Now, I’m convinced I’m off my rocker. No one in their right mind would knowingly expose themselves to such brutal punishment. I continue only because I’m somewhat of a sadist and I haven’t burned out yet. There always seems to be something new to write about, and when I can use myself as an example, it makes it that much more exciting, for me.

Like everything else I did back then, I was only interested in finding out whether or not I could do it. Back then, over two decades ago, I succeeded in accomplishing everything I attempted, anything and everything that caught my fancy. These days, little catches my fancy. Old age is something I never thought I would accomplish and now I see why.

As a child, everyone pounded into my thick skull that I was dumb, stupid and lazy. All my life I kept trying to prove to myself I wasn’t. It appears this writing thing is a little more difficult than I figured. However, over those two decades, my writing goals have changed. I started out writing short stories, novels were out of the question. They were too large a project for such a small mind. I never had plans or hopes of publishing anything. My goal was pleasing those in my writing group.

The publishing urge didn’t strike me until a dozen years ago when I decided to write a novel. It was before self-publishing became popular. Three novels later, I learned publishing meant little. Promotion and sales are what makes a writer popular, whether you do it yourself or pay someone to do it for you. I hung my head, and went back to short stories and succeeded in publishing a few, a dissatisfying accomplishment. Now it’s writing unedited blog articles. At least I know people are reading my words and this feeds the need to write more.

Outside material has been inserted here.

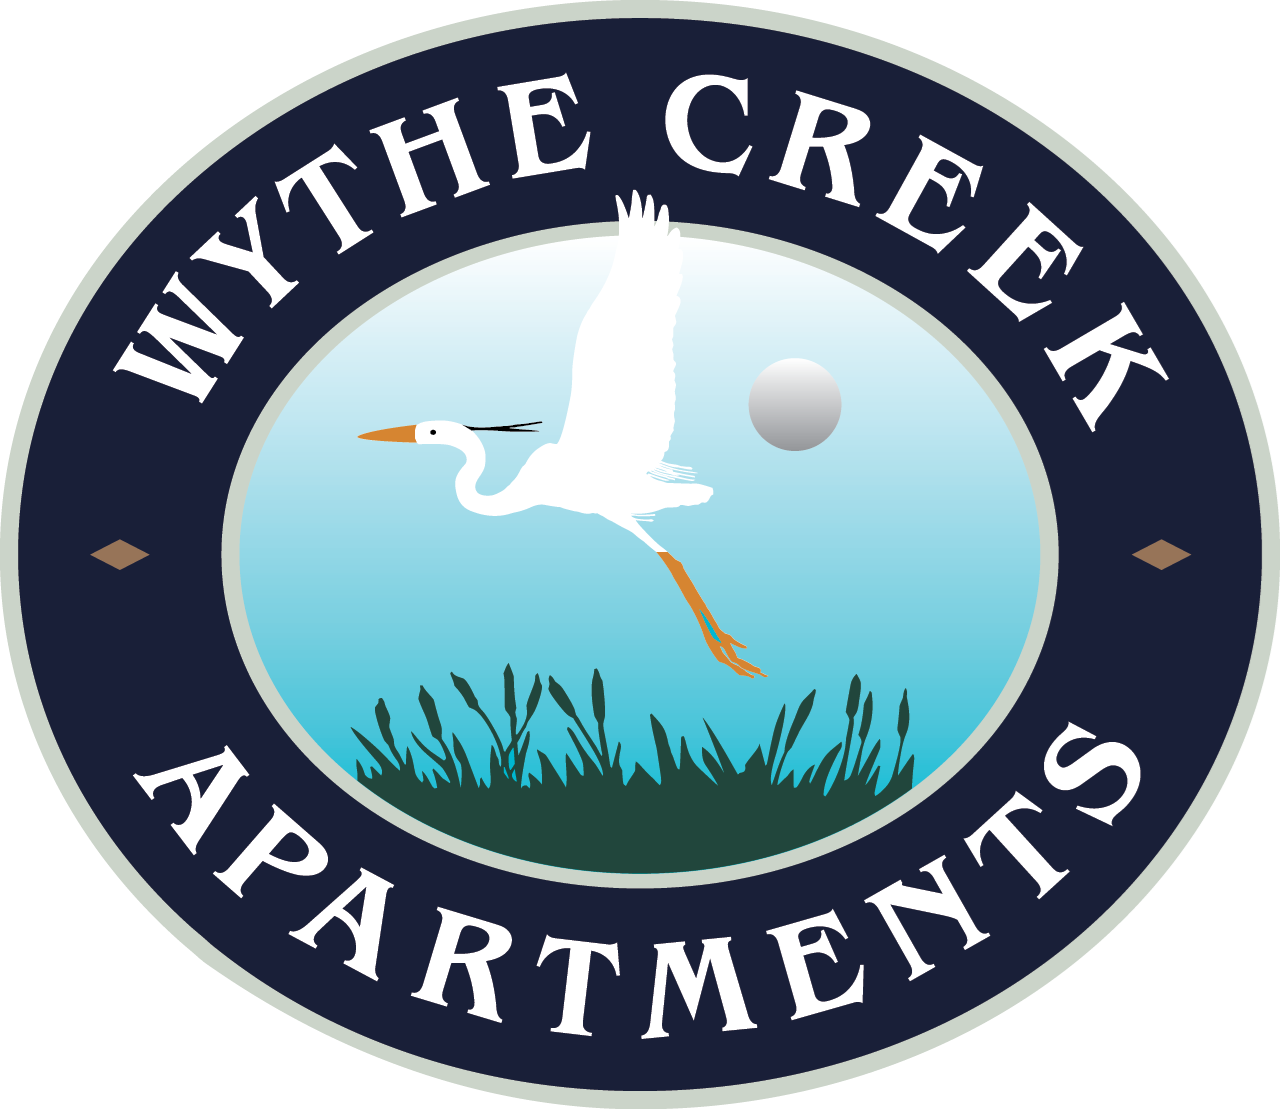 Wythe Creek apartments for rent in Poquoson VA

The only thing left on my list of achievements is writing a non-fiction book. Maybe in another decade or so, I might. Now, that desire is but a spark. When it becomes a flame, I may try it. If nothing else, it may keep me out of the bottle and off the street.

As you see, our reasons for writing differ greatly and our goals change for some reason or another. Being a famous writer was never my goal, a hope maybe. I could never picture myself as famous, and maybe that’s the reason I haven’t succeeded, or maybe it’s because I suck at writing novels or maybe I fear being in the limelight. Once you become popular, you must continue up the ladder. The next must be bigger and better than the last. Pressure increases. Pleasant writing periods turn into demanding deadlines. Now you are a professional writer working for someone else. Then you might like these things. Maybe working under pressure spurs you onward and upwards. Okay, get out there and getter dun.

Having a goal in mind and a gut wrenching desire to write something has a lot to do with it. I start many projects and sometimes lose my driving force and have to put them aside. I just cannot force myself and have it come out as I felt at first.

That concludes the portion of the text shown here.